"Ark of Safety" by Casey Broadwater
Looky there, he said and pulled off Route 68 by a steel girder skeleton: God’s Ark of Safety, Being Rebuilt Here.
I.
There’s a war behind the veil,
he said, and so our plastic heroes and
beasts and villains—and their
accessories, baby teeth pocked—were
burned
in the fire pit out back.
Greyskull wept like a candle and
curled in upon itself and was
gone. Hordak, a blue smear on a
smoldering rock.
We salted our cheeks, wailed,
were bought off with a catalog
go-kart, fast as eight horses, fast
enough to race Tauruses down the
side
of the state road.
Later, we found Cringer’s green
head in the ash, placed it behind
the shed, behind the woodpile,
in a
rotted out knot of pine.
II.
In matching seersucker
we were placed on the piano
bench to hold our baskets up
for the camera.
We scattered the plastic grass
and mother cried because we were
late enough as it was.
And we were sorry, knew better,
sat still for the sermon, the
admonishments, for the laying on
of hands, the eating of the body
and the drinking
of the blood.
Back home we had roast
and hid our green beans in
hollowed out dinner rolls
so we could be excused.
III.
For our birthday we
were given a book with a
black and white photograph
of a real leviathan, rotting on
a hook, dredged up by a
Japanese
whaling ship.
Another page showed
human and dinosaur
footprints side by side in the
limestone bed of the Paluxy
River.
We could go see them
if we ever visited great uncle
Malin in Nacogdoches.
It’d be a long drive, he said
but wouldn’t it be something
to stand there?
IV.
Signs and wonders: tracer shells
and white fireworks in nightvision.
Them’s using Willie Pete, said
Paw-Paw, finger at the TV.
Behind the pulpit, a man
with a special anointing
told us the oil fires might
just be
rising from the abyss.
We wait, he said,
on the angel with the key
to the pit.
V.
We stopped playing horse
when they pulled up in a red
truck and got out and smashed
bottles in the parking lot, shook
spraycans and made stars inside
circles on the brick side
of the sanctuary.
Drove off with middle fingers out the windows.
Then Mr.

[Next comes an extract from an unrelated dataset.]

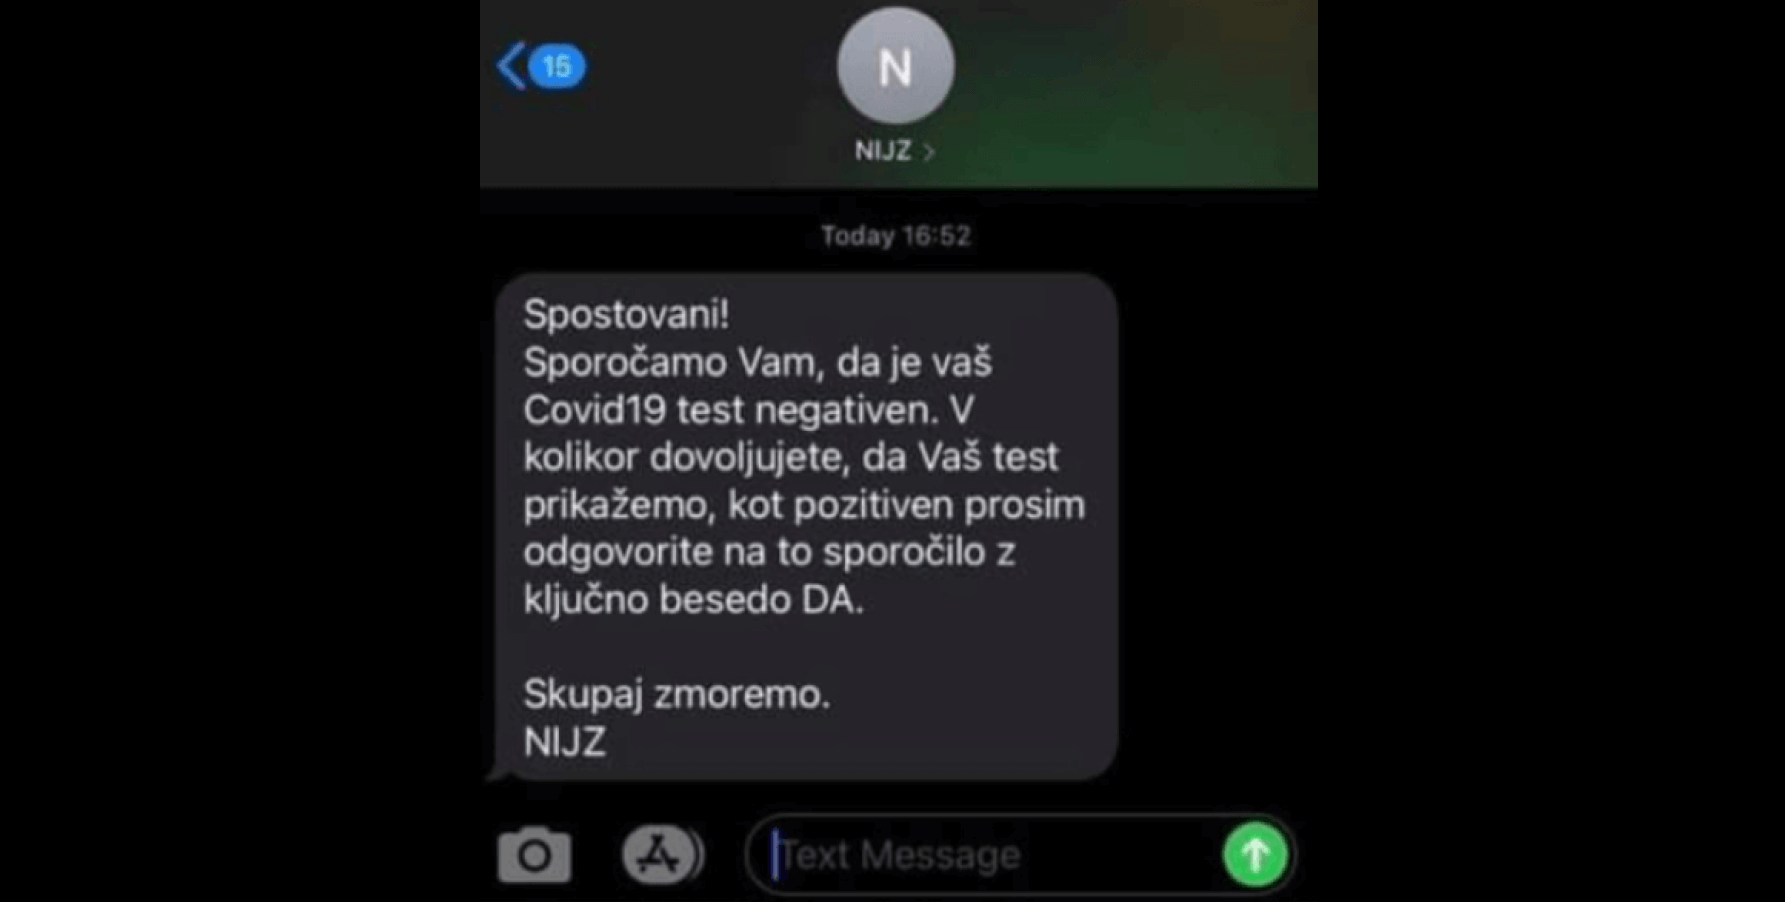 Lažni SMS, ki nakazuje, da naj bi bili testi lažno pozitivni

Magruder
found half a cat hanging from
a tree on his farm.
Said he’d seen this before,
when he was a warlock, before
his Saul of Tarsus moment, before
the scales fell from his eyes.
Said these boys were under
the sway of a territorial spirit.
But this, he said, pointing up, is
the King’s dominion.
VI.
Looky there, he said
and pulled off Route 68
by a steel girder skeleton:
God’s Ark of Safety,
Being Rebuilt Here.
It was sleeting and we
looked through the windshield
as the wipers smeared and
un-smeared the rock salt.
Did we know an expedition
had found gopher wood, black
with pitch, on the upper
slopes of Ararat?
And did we know a climber
had taken photos of the prow
but was pushed into a
crevasse by an unseen
hand?
And now the Turks,
playing hardball with the
permits. But all’ll be
revealed, he said,
when it’s time.
Mother pinched
the bridge of her nose
and leaned her head
against the clouded wet
passenger window.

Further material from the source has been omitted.